■ What is being asked
Transcribe only the part of the listing below that begins at the line containing "Personalized Bible Cover Leather" and runs to its final line, keeping both ends.

* * * *

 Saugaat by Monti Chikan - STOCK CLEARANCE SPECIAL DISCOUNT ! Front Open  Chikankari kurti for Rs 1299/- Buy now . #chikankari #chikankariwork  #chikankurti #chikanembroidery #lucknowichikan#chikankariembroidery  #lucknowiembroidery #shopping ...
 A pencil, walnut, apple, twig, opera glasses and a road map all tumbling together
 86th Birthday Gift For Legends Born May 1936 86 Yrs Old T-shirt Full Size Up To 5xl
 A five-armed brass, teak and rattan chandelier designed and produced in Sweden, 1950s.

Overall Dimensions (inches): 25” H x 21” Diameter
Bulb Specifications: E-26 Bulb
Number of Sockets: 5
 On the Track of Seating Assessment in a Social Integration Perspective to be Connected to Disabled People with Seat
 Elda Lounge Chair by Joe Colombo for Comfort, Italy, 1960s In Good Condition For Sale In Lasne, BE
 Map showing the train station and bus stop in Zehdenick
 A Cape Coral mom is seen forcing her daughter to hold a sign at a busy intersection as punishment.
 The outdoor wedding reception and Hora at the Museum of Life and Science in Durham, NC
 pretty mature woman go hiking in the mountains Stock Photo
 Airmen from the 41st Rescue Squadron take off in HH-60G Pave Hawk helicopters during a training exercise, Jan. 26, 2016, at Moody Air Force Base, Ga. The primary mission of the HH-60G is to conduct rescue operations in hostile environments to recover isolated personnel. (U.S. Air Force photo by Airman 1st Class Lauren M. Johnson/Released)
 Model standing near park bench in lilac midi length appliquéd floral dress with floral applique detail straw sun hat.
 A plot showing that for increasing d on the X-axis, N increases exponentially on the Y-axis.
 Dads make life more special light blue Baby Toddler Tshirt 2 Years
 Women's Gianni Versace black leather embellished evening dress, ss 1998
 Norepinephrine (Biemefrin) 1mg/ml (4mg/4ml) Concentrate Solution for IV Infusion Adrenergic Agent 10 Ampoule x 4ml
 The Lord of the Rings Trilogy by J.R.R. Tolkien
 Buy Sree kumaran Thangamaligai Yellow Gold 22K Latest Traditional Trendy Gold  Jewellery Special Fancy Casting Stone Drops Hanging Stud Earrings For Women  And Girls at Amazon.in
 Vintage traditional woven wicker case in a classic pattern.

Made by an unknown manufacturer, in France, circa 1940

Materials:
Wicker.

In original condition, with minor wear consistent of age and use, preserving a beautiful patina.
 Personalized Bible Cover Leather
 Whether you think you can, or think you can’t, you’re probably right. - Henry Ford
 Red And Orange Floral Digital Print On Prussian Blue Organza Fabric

* * * *

■ Answer to the exercise
 Personalized Bible Cover Leather
 Whether you think you can, or think you can’t, you’re probably right. - Henry Ford
 Red And Orange Floral Digital Print On Prussian Blue Organza Fabric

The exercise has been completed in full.